Capt. Joe Eldred on Being a Force for Good

During Episcopal's annual Veterans Day Chapel, faculty member, Capt. Joe Eldred addressed the student body. He reminded students to be a force for good, and encouraged them to live a life of service. Below are his remarks: 

This Friday, November 11, is Veterans Day – a day in the United States in which we recognize those who have served in the military. The tenth grade World History students are currently doing a wonderful job studying WWI, so they know that November 11 is an important historical date because the WWI armistice was effective at the 11th hour of the 11th day of the 11th month of 1918. 

Right, my tenth-grade scholars?

When I was on active duty in the U.S. Navy, my mom loved telling her friends that I was “in the service.” From the day I was commissioned as a Naval officer back in 1992, she never said “my son is in the Navy” or “my son is in the military” — it was always “my son is in the service.”  

I loved my mom, but for the longest time I never really liked her use of that old-fashioned phrase to describe what I was doing in the Navy.

What was I doing in the Navy?  When I was a brand new junior officer fresh out of college at 22 years old, I was assigned for three years to a Navy warship named the USS Merrill.

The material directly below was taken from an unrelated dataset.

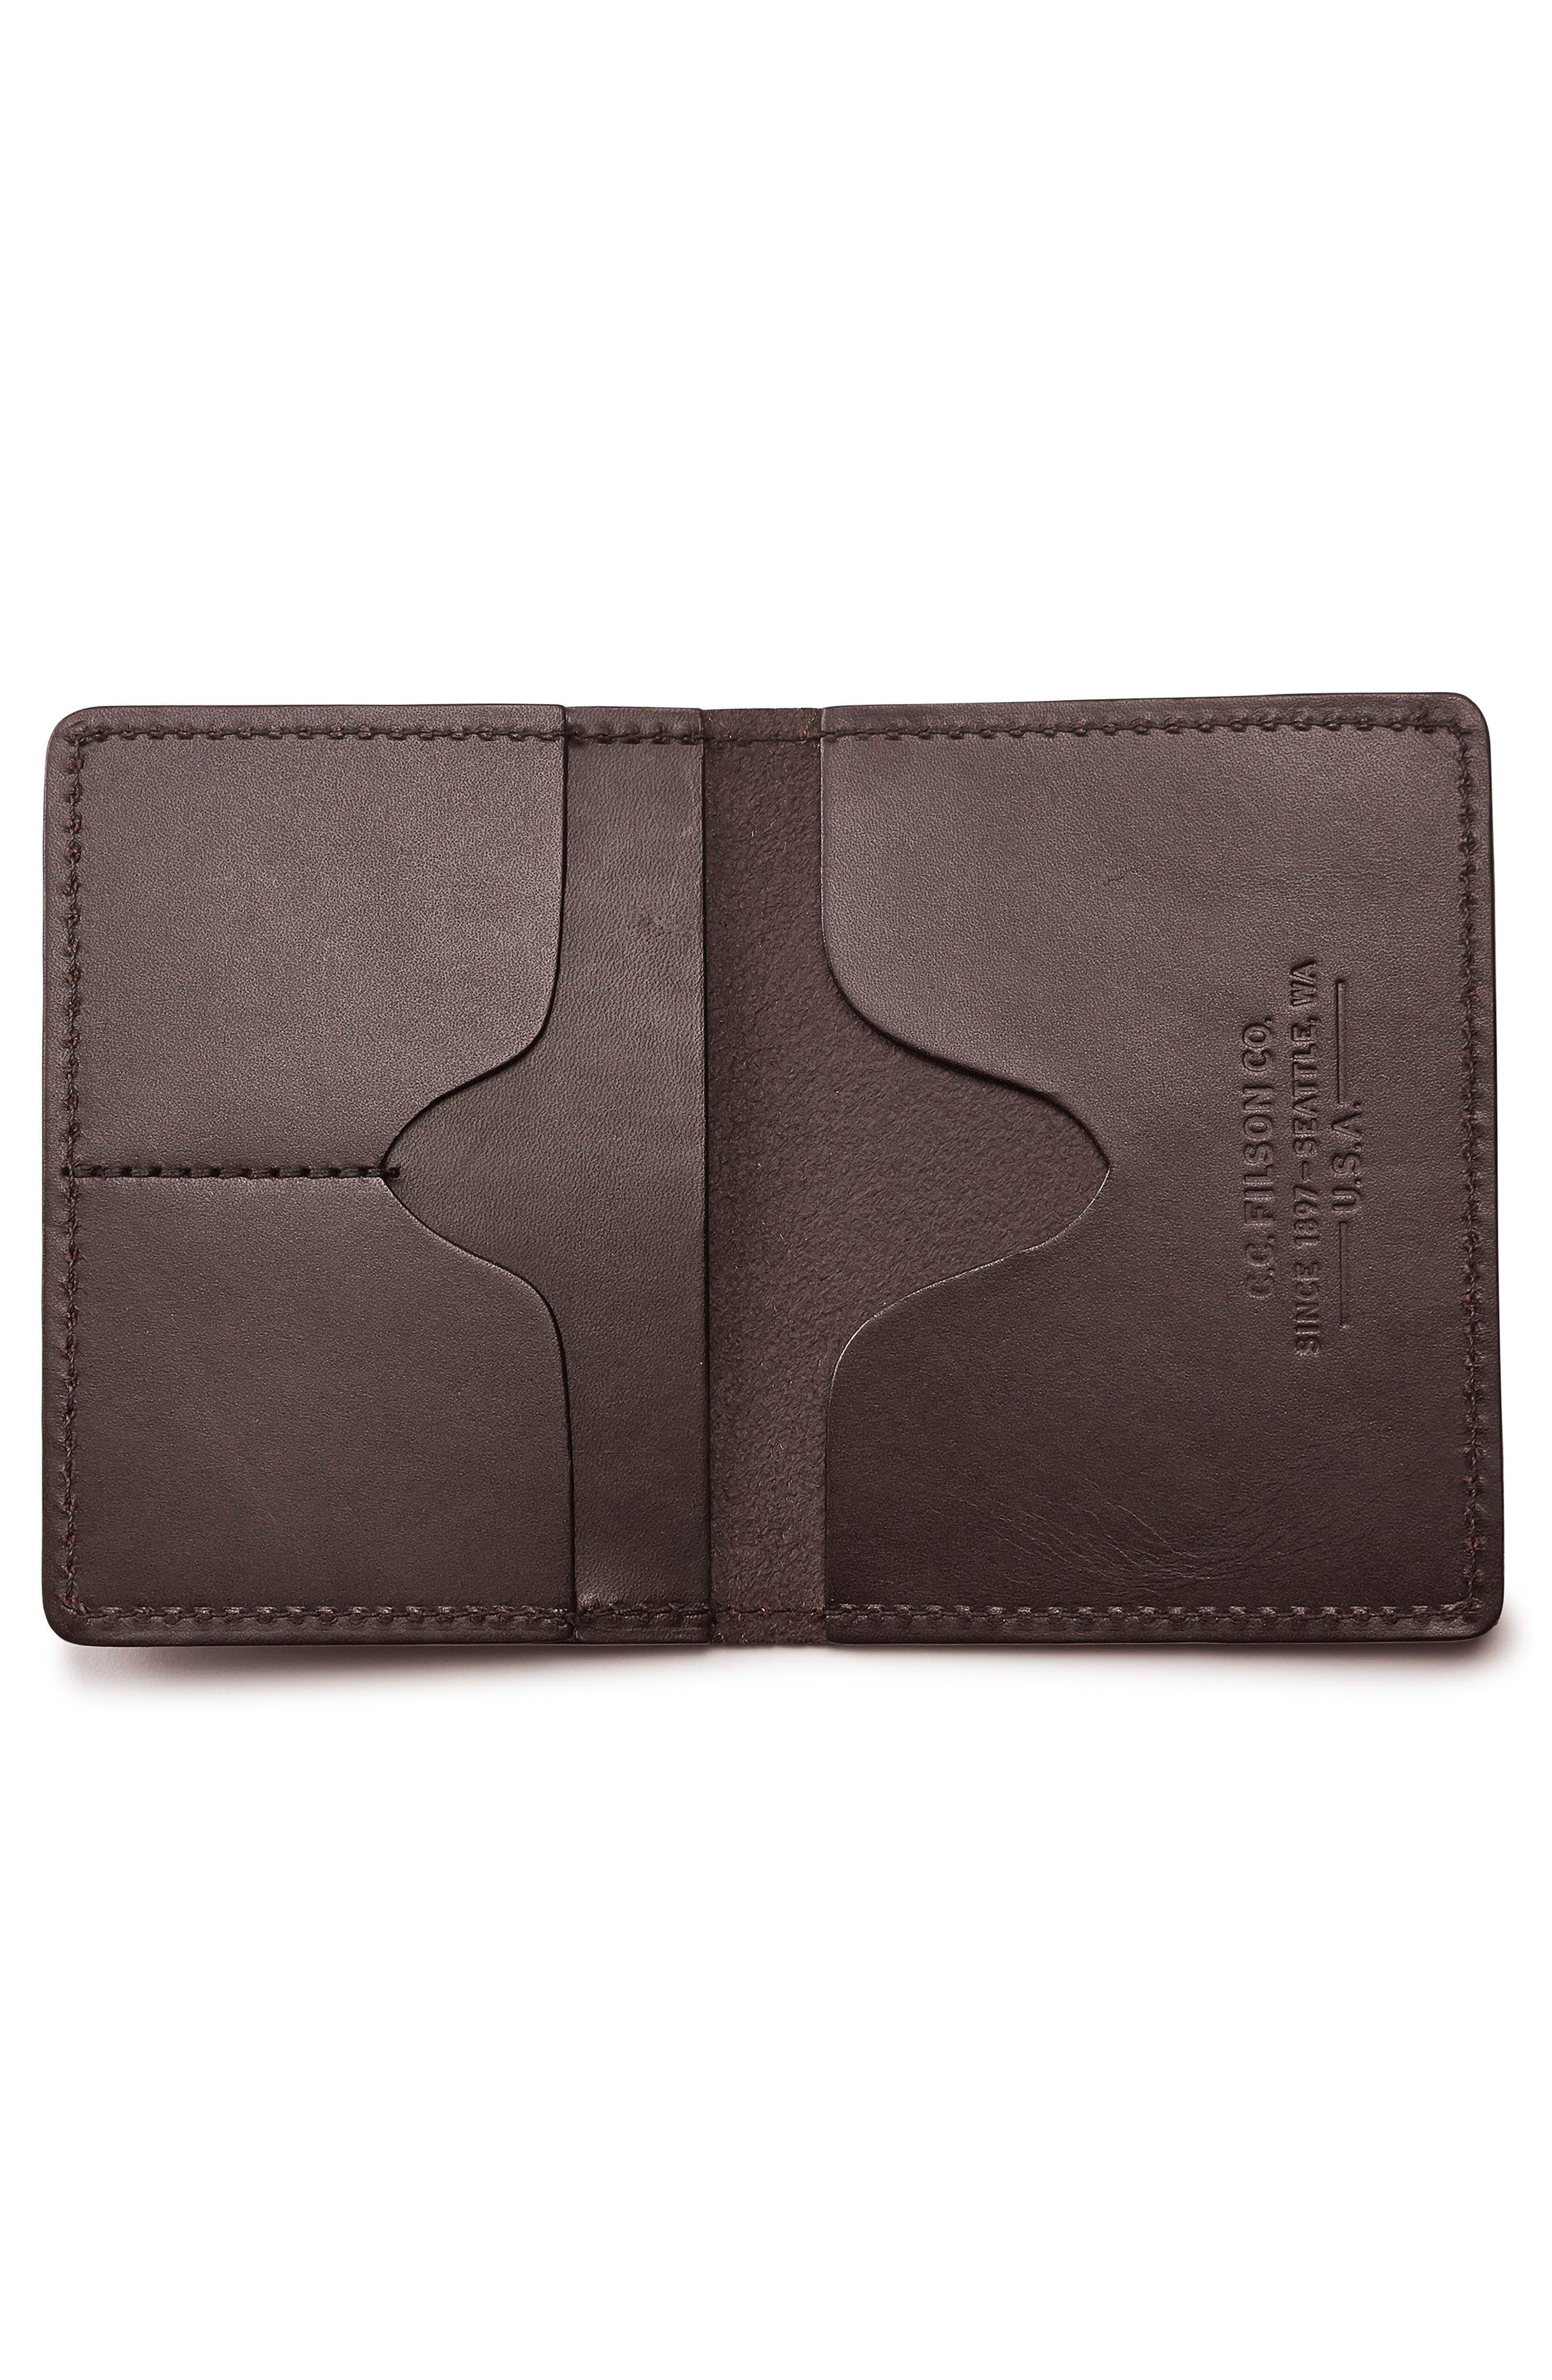 Leather Passport Case,                             Alternate thumbnail 2, color,                             BROWN

The Merrill was a type of ship called a destroyer — home to 350 sailors, about 520 feet long, weighed about 8200 tons, could go about 30 knots (which is around 30 miles an hour) — and when we hit rough weather and big waves, the Merrill would bounce around in the water like a ping pong ball.

But I eventually got my “sea legs,” which means my body got used to the ship’s rocking and rolling on the heavy waves, and I qualified to stand watch on the ship’s bridge as “Officer of the Deck.” This meant the ship’s captain trusted me to be in charge of the USS Merrill in the middle of the night when he was sound asleep.

I still remember the first time I stood the “Officer of the Deck” watch by myself at 2 a.m., pitch black outside, pouring rain, heavy seas, wondering if I was really ready to do this all alone… 

Except I wasn’t alone. I had many teammates who were also standing watch throughout USS Merrill — everyone working together to make sure we kept the ship and our shipmates safe out there in the middle of the Pacific Ocean, far from home.

That’s what I miss most about the Navy: the people I served with, from literally all walks of life, from all over the U.S., and from all over the world. If you have ever been part of a team at EHS — athletics, theater, robotics – then you know what a great feeling it is to be with a group of people united toward a common goal, a common mission, and a common purpose.

I loved that feeling in the Navy of serving with a group of dedicated people united in a common mission to do our small part to keep our country safe. I loved that feeling so much that I ended up serving on active duty for 27 years. Looking back now, the years seemed to go by in the blink of an eye.

But back to my mom and her use of the phrase “in the service.” The reason I am standing before you today is because my mom also led a life of service; specifically, as a teacher at St. Thomas More School in Chapel Hill for 30 years. She was on her school’s Easter Break when she passed away very unexpectedly on Easter Sunday in 2016. 

At her funeral, hundreds of my mom’s current and former students showed up and told me about the positive impact she made on their lives in her service as a teacher, mentor, and friend. Those words made such an impact on me that when it was time to retire from the Navy, I decided to first try to follow in my mom’s footsteps as a teacher. Thank you, EHS, for giving me the opportunity to do so.

I think my mom would very much appreciate the EHS Mission Statement, part of which states that EHS prepares young people to “pursue lives of ethical leadership and service.” Service meant so much to her. Serving in the military for the majority of my adult life was the right decision for me, and it just may be the right decision for you too.  A military career can be very challenging, and it can also be incredibly rewarding.   
So on this upcoming Veterans Day, please take a moment to recognize and thank your friends and family who served in the military, whether it was for three years or for 30 years, or somewhere in between. Trust me, they will appreciate your kindness and thoughtfulness. 

But as we recognize those who chose to serve in the Armed Forces, please remember that there are so many different ways to live a life of service and make a difference in the lives of others. Teachers, nurses, doctors, first responders, law enforcement, civil servants, clergy, social workers, coaches, researchers, counselors — the list goes on and on, and we should salute them all.

Students who have taken one of my classes at EHS may recall that at the beginning of each semester we spend some time discussing one of the EHS Core Beliefs: “We are all part of something greater than ourselves with the capacity and responsibility to be a force for good in the lives of others.”

Friends, that’s the very definition of service: “We are all part of something greater than ourselves with the capacity and responsibility to be a force for good in the lives of others.”

And so I will end this Chapel Talk with a Veterans Day challenge to the current EHS scholars: How will you be a force for good in the lives of others, both here on The Holy Hill and beyond? You have the capacity. You have the responsibility. How will you live a life of service?

I salute you as you continue your journey, and I love you all. Thank you and God Bless The High School.